▶ _DIRECTIONS FOR THIS TASK_
Give an exact copy of the data that follows, but none of its pictures.

▶ _MATERIAL PROVIDED_
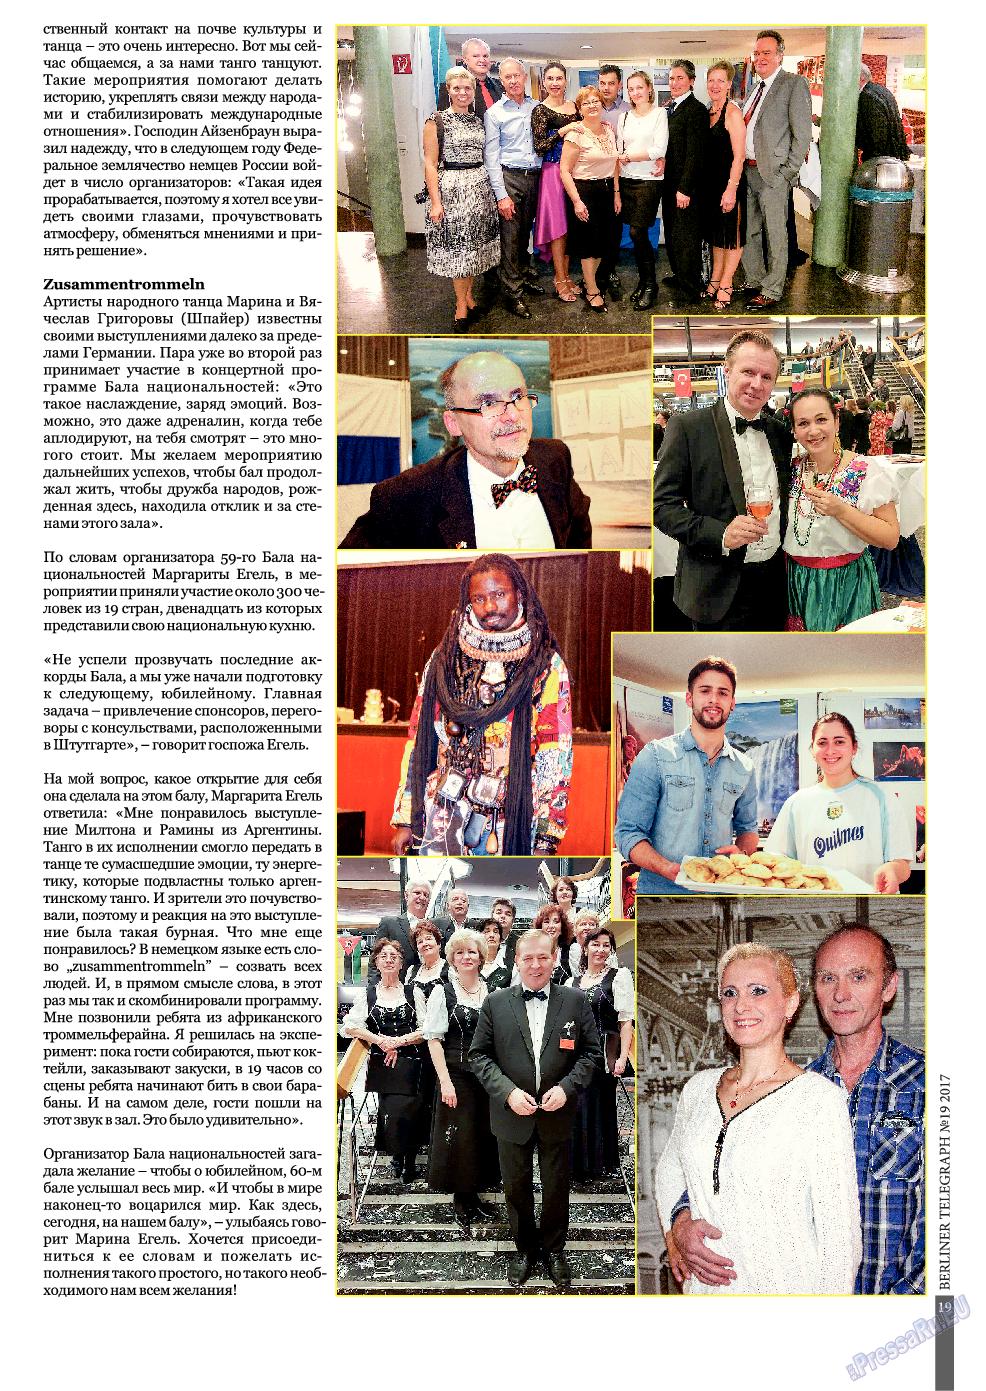 Берлинский телеграф (журнал). 2017 год, номер 19, стр. 19
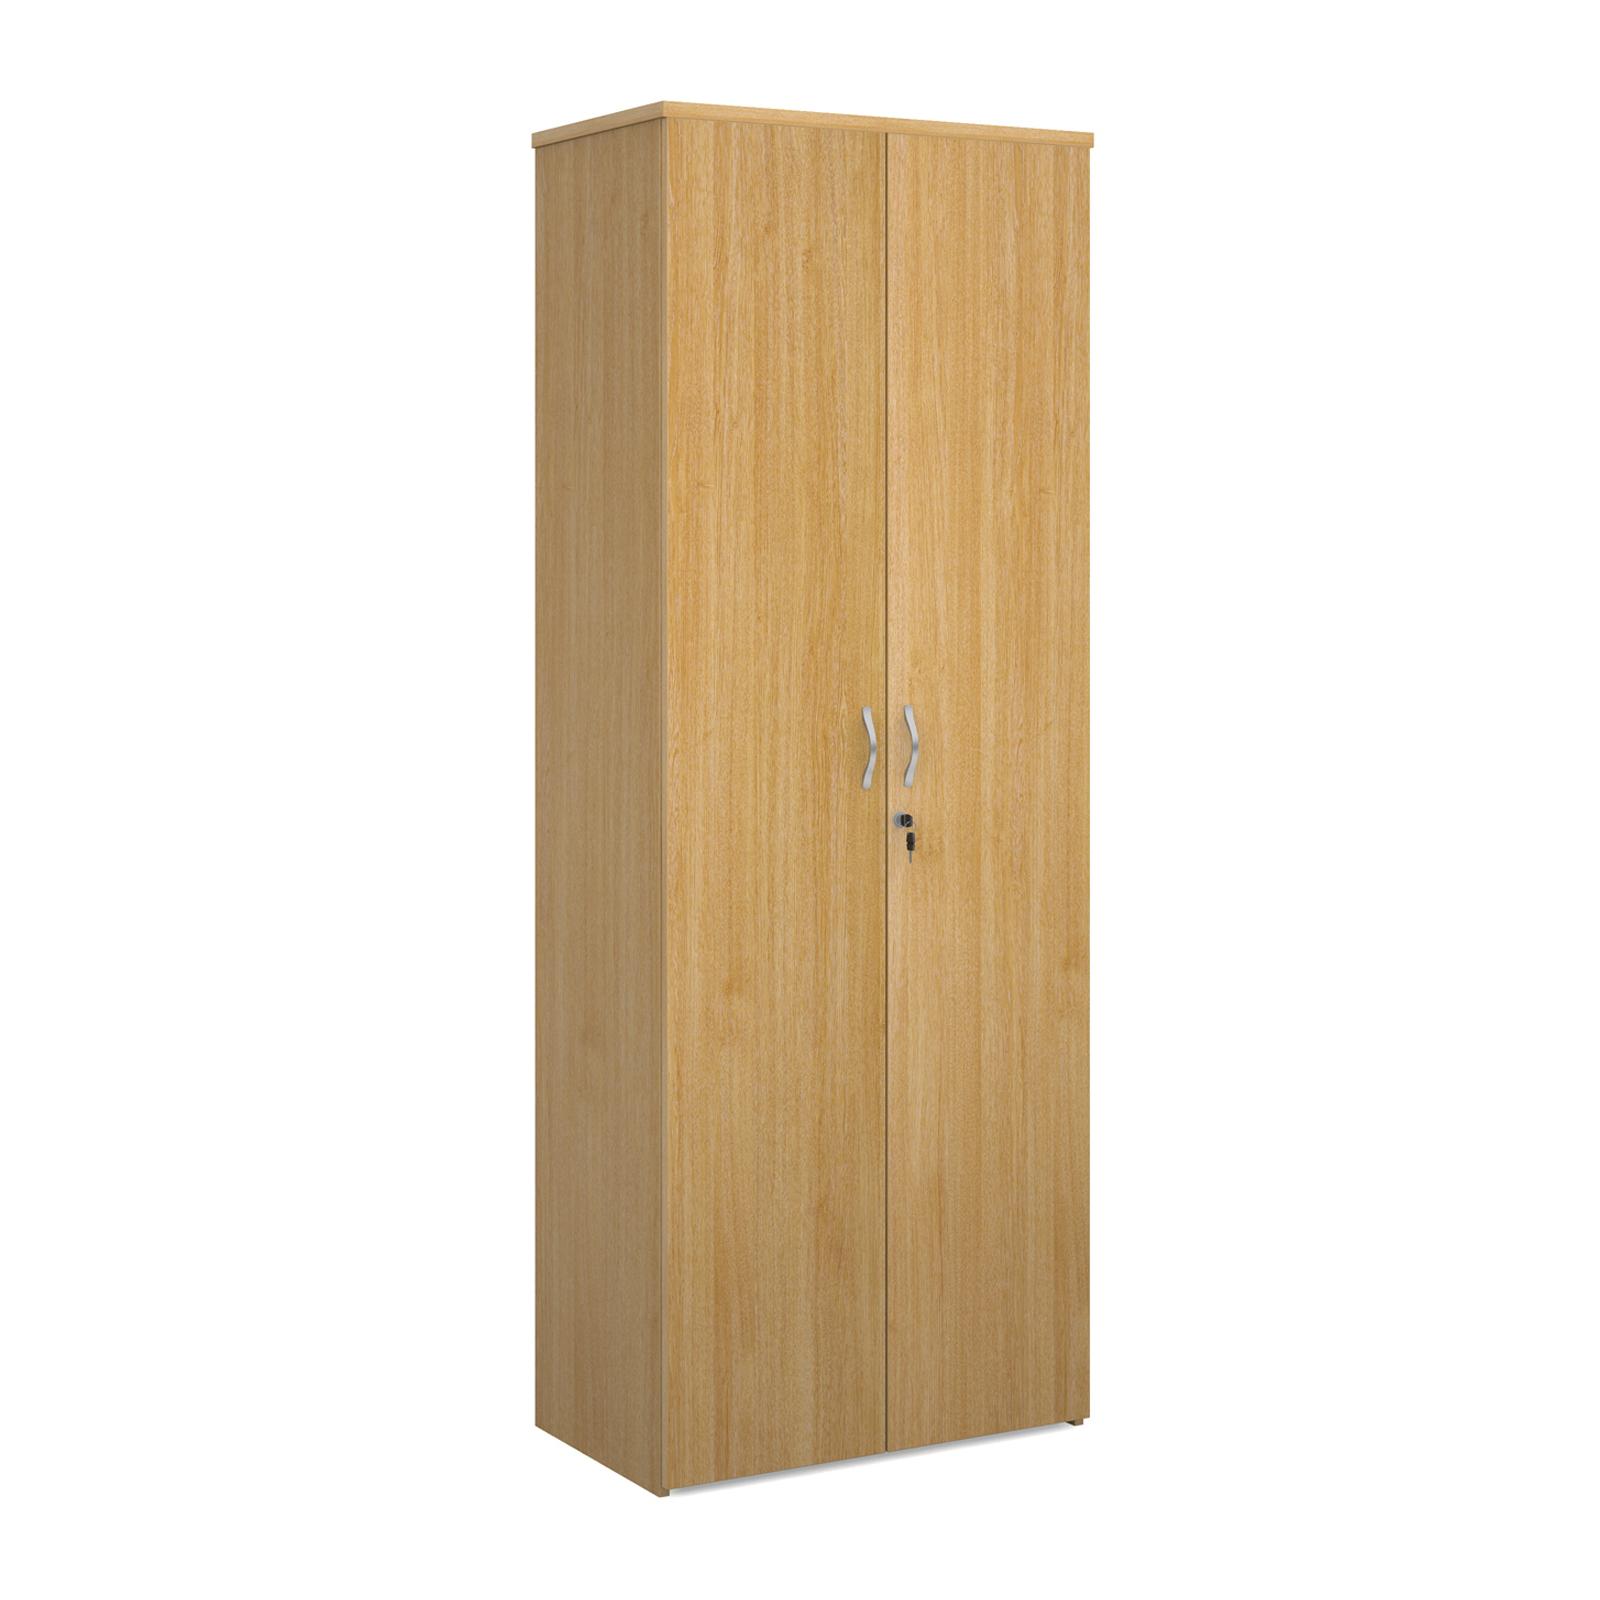 Over 1200mm High Universal double door cupboard 2140mm high with 5 shelves - oak
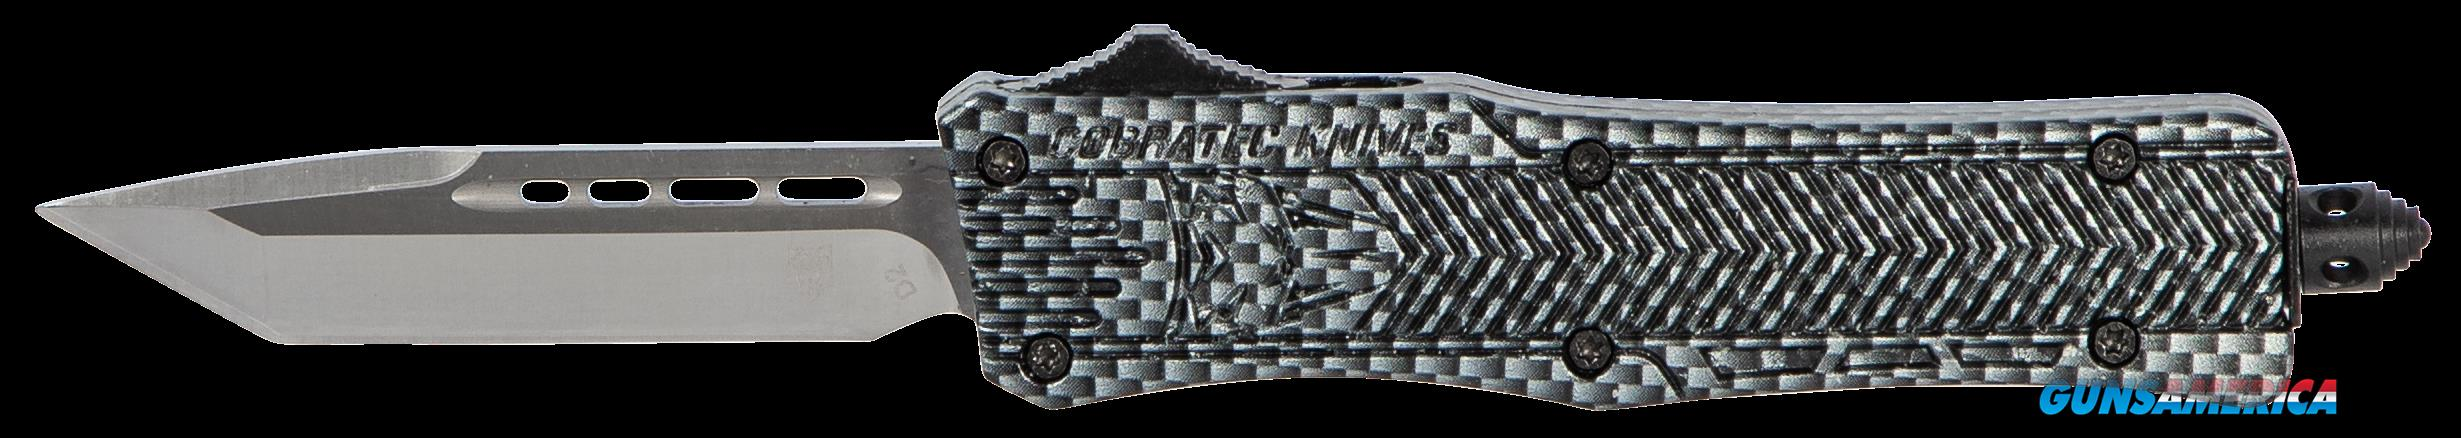 Cobra Tec Knives Llc Ctk-1, Cobra Scfctk1stns    Sml Ctk1 Tanto Carbon Fiber  Guns > Pistols > 1911 Pistol Copies (non-Colt)
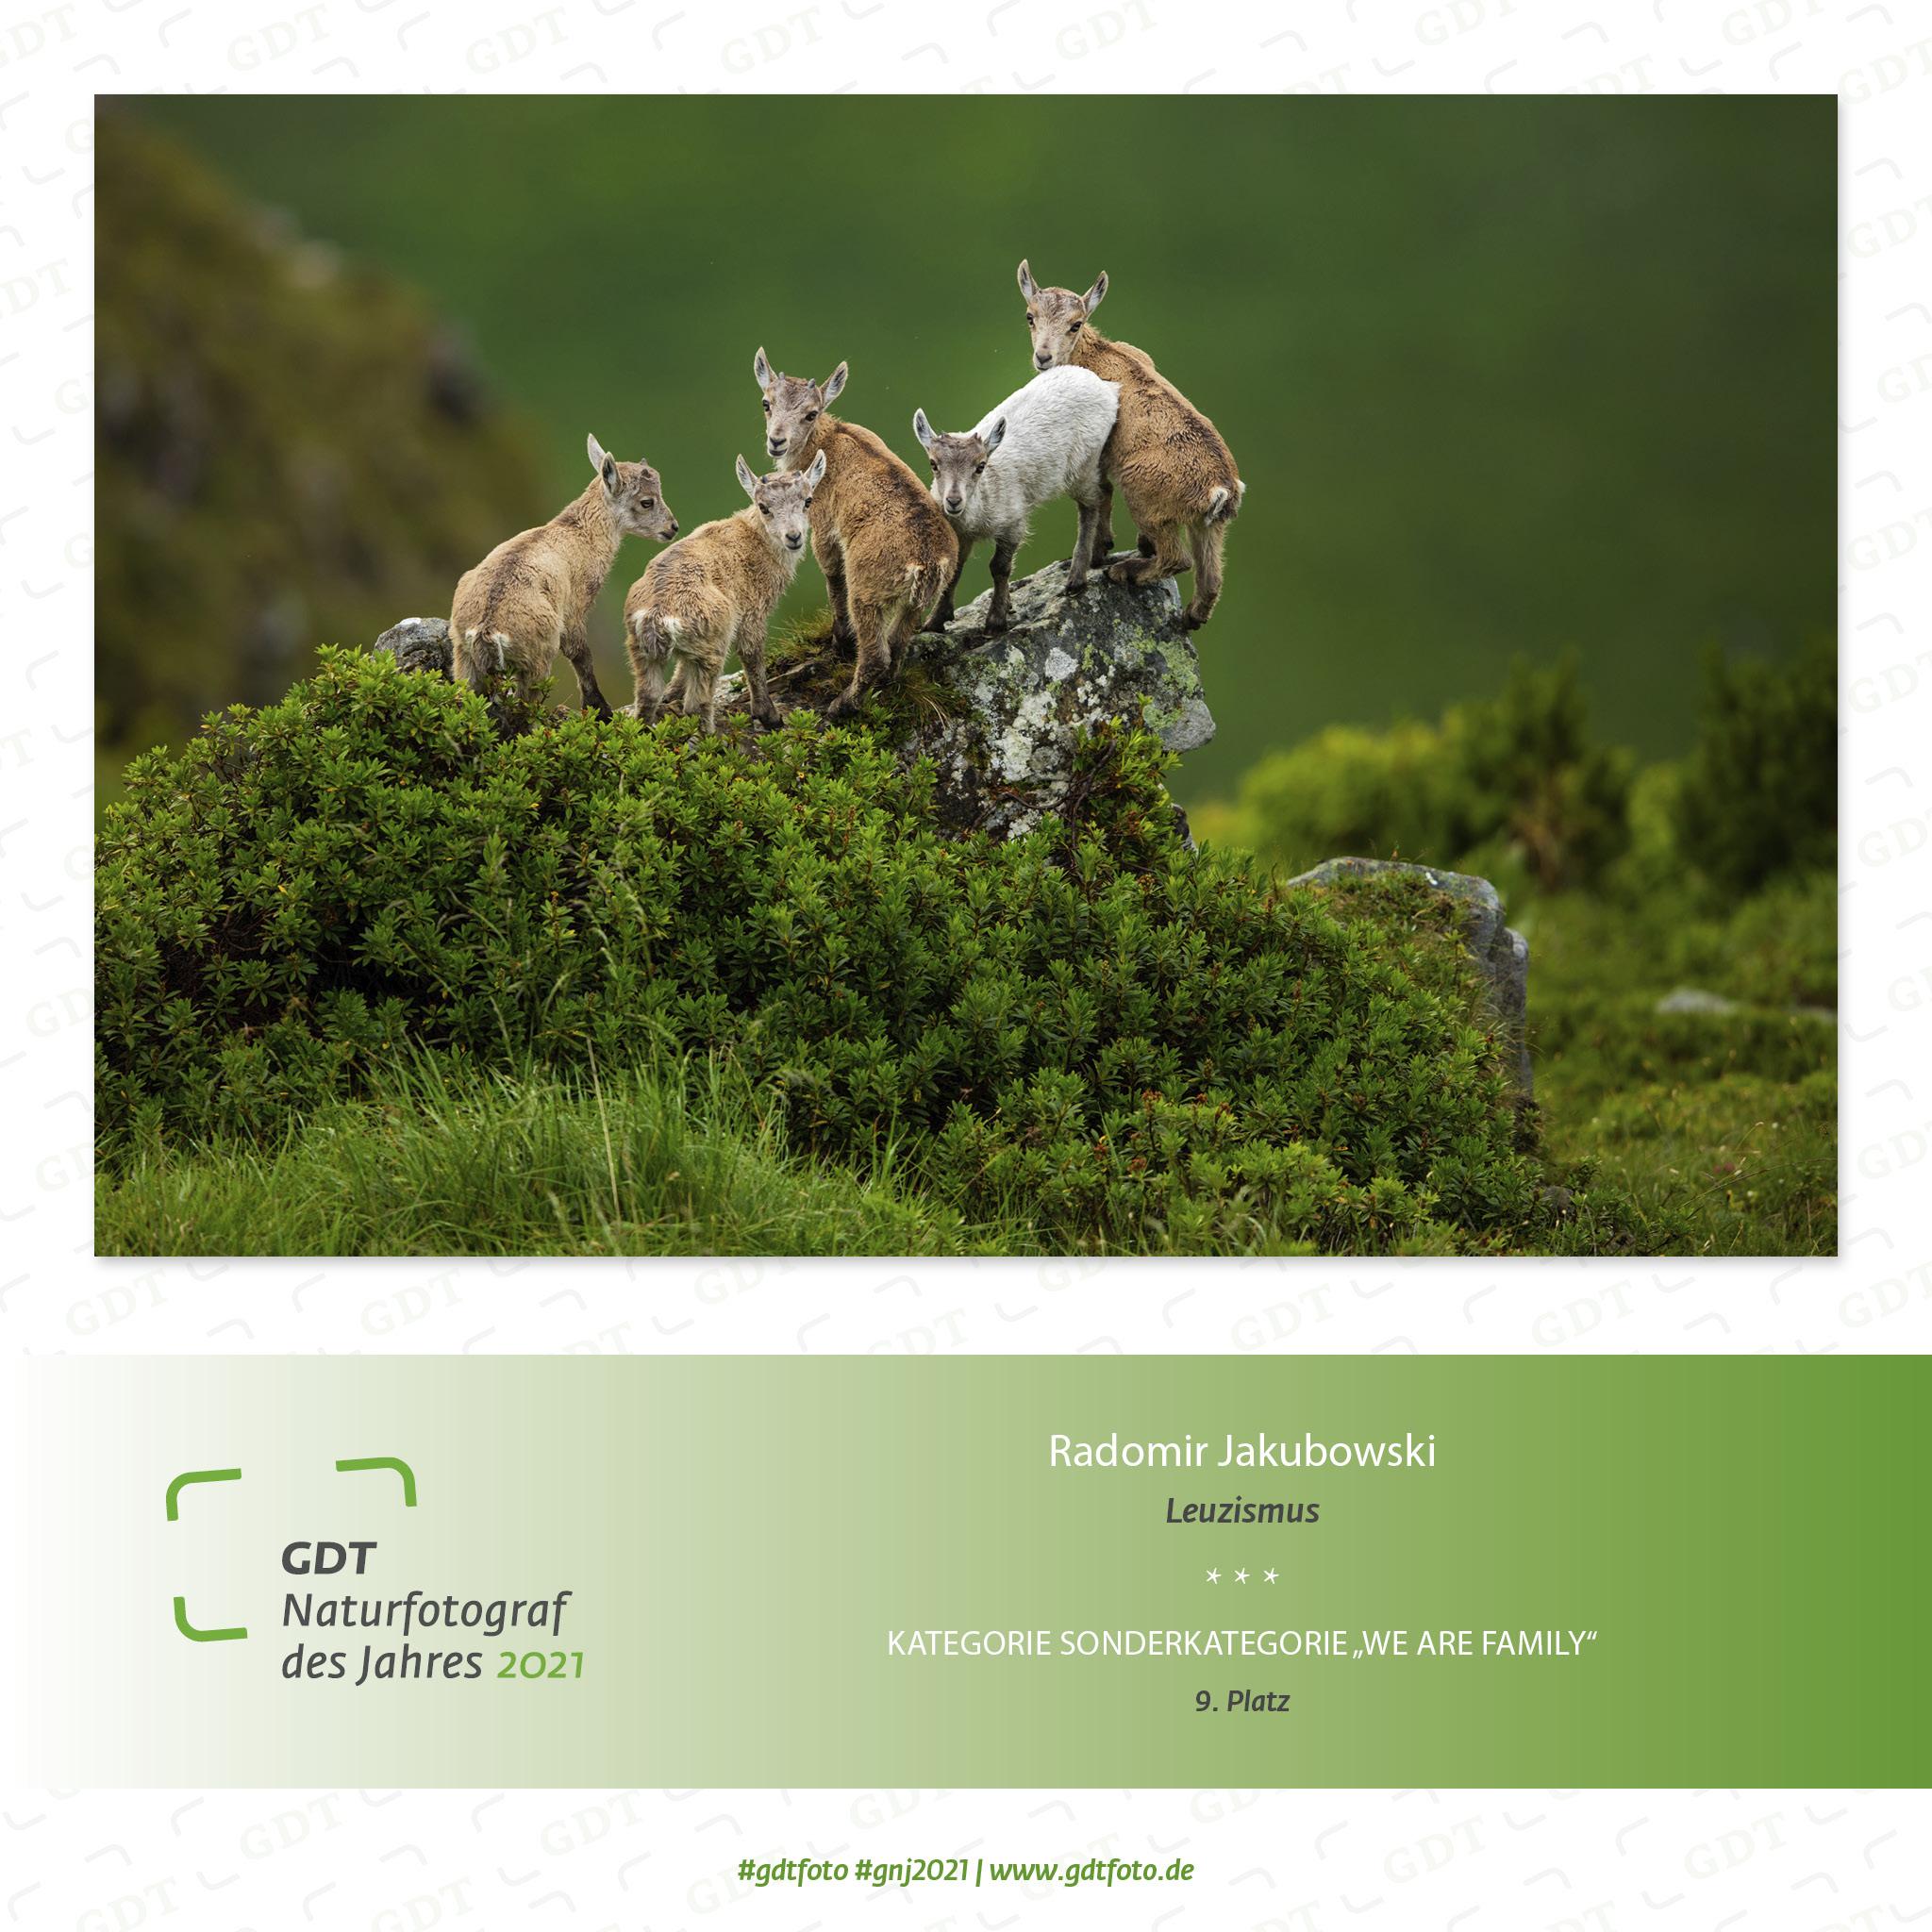 GDT Naturfotograf des Jahres 2021 und Leuzismus beim Steinbock

▶ _WRITTEN RESPONSE_
 Берлинский телеграф (журнал). 2017 год, номер 19, стр. 19
 Over 1200mm High Universal double door cupboard 2140mm high with 5 shelves - oak
 Cobra Tec Knives Llc Ctk-1, Cobra Scfctk1stns    Sml Ctk1 Tanto Carbon Fiber  Guns > Pistols > 1911 Pistol Copies (non-Colt)
 GDT Naturfotograf des Jahres 2021 und Leuzismus beim Steinbock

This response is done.